Tuesday, 11 November 2008

Remembering in Order Not to Make the Same Mistakes: a Message for November 11

Today is Remembrance Day, and as I passed the memorial to Outremont’s fallen in the wars of 1914-18 and 1939-45 (as the monument puts it) the borough’s crews were out blowing away the leaves in preparation for a ceremony at 11:11 a.m. This concern in Canada about marking the end of that so-called First World War is something that surprised me when we came here during the US’s Vietnam War. At the time in the States, no one who opposed the war wore poppies, but here everyone, including the young on the McGill campus, did. It took me a while to realize that Canada’s nationhood was forged in that conflict during which 68,000 men were killed from a country of 7 million. The red poppy meant a tribute, not belligerence.
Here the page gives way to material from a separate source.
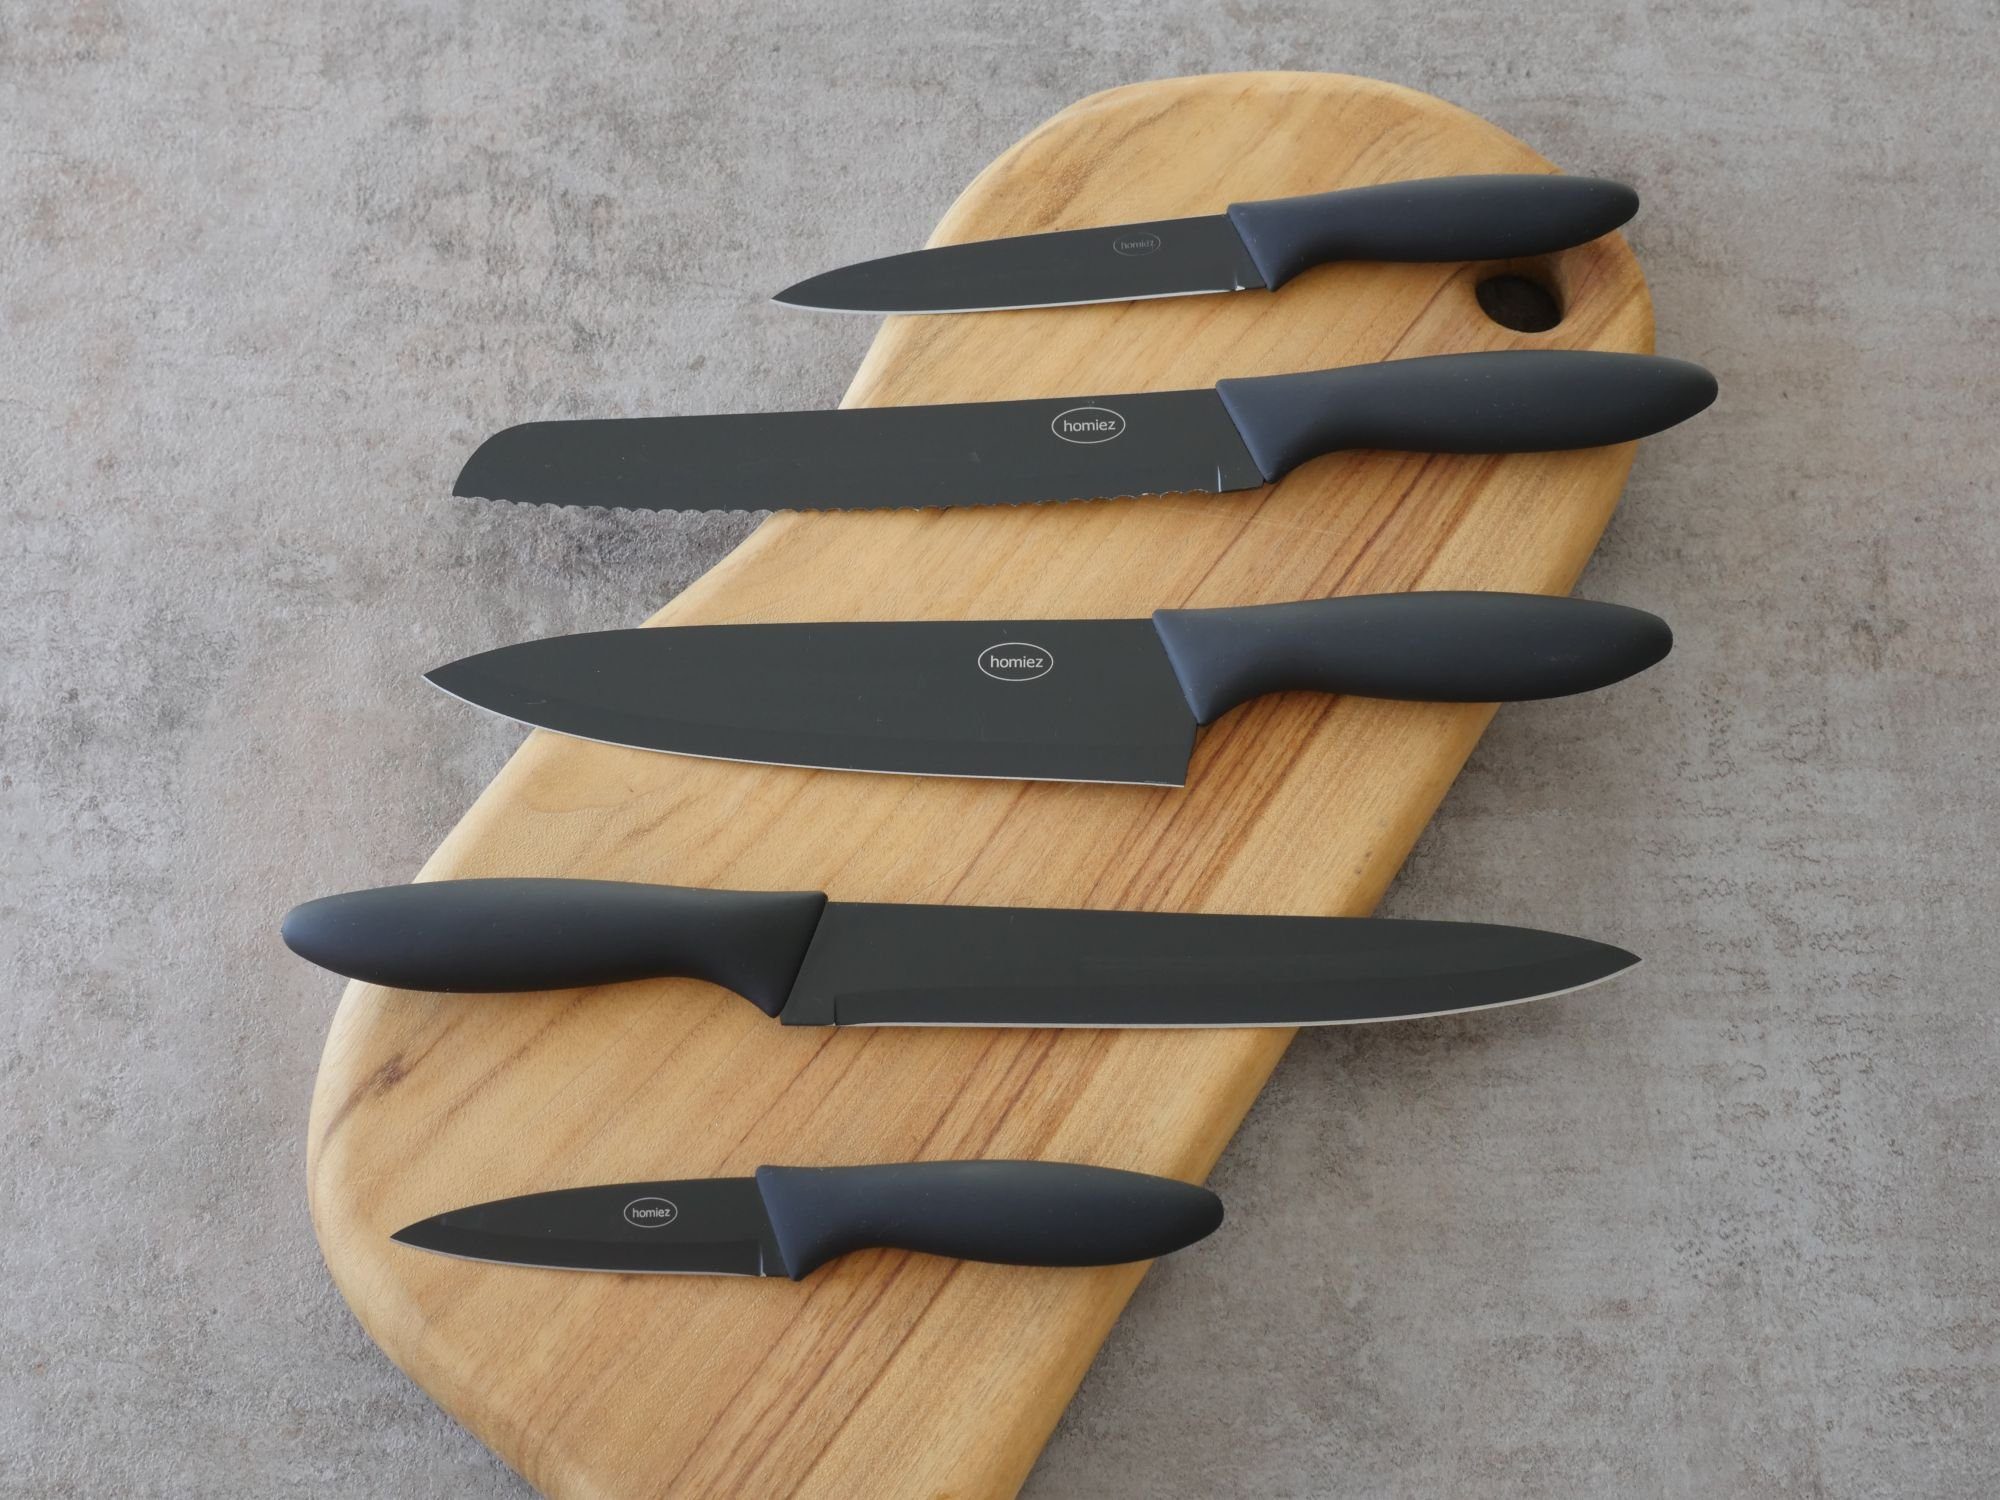 Messer-Set Klingenschutz, mit in (Set, ColourCut, homiez 5-tlg), Messerset 5-teiliges schwarz

Last night at one of my book discussions, the book was The Three Day Road by Joseph Boyden, a singularly appropriate choice we decided. In it, two young Native Canadians go to fight in Belgium and France, and the talk turned to the participants’ own stories. Grandfathers who had never spoken of their time in the trenches, but who in their last illnesses relived the danger and fear. Fathers who declined to go camping with their grandchildren because “I spent seven years living in a tent, and that was enough.” Women who refuse to read about war, but who delight in Boyden’s heroine who saves her nephew from the demons of war.

Story telling is a form of remembering, and as time passes, the stories change too as our perspective alters. The trick is drawing the truth from the stories and applying it to our world in order to avoid the mistakes of the past while trying to decipher the present.

2 comments:

Anonymous said...

Hi Mary, I love your blog (found it thorugh Spacing).

1939-45 is indeed the correct dating for Canadian participation in the Second World War. See you are originally from the US, where of course participation started in 1941.

Usually 1939 is taken as the beginning of the World War, though of course there were bellicose events leading up to it such as the Nazi invasion of Czechoslovakia and the Anschluss, and even the Spanish Civil War with the Nazi bombing of Guernica.

From Wikipedia: "The starting date of the war is generally held to be September 1939 with the German invasion of Poland and subsequent declarations of war on Germany by the United Kingdom, France and the British Dominions".

It is a pleasure to see that Joseph Boyden has taken the Giller. Sadly, reading the article in the Globe and Mail, there were many, many insulting comments insinuating the Boyden received the award merely as a politically-correct sop to his Aboriginal heritage.

Mary Soderstrom said...

Dear Lagatta

Thanks for your kind posts and interesting comments. I'm glad you found the blog worth reading. It started out to be sheer book promotion but has become a place to talk about everything that concerns me. My family and friends, I think, are glad because they are spared some rants!

When it comes to shoes, by the way, I usuall wear sandals or light weight hiking boots--the pretty ones only come out when I know I'm not going to have to stand. Like to sit and admire how they look on my feet, too!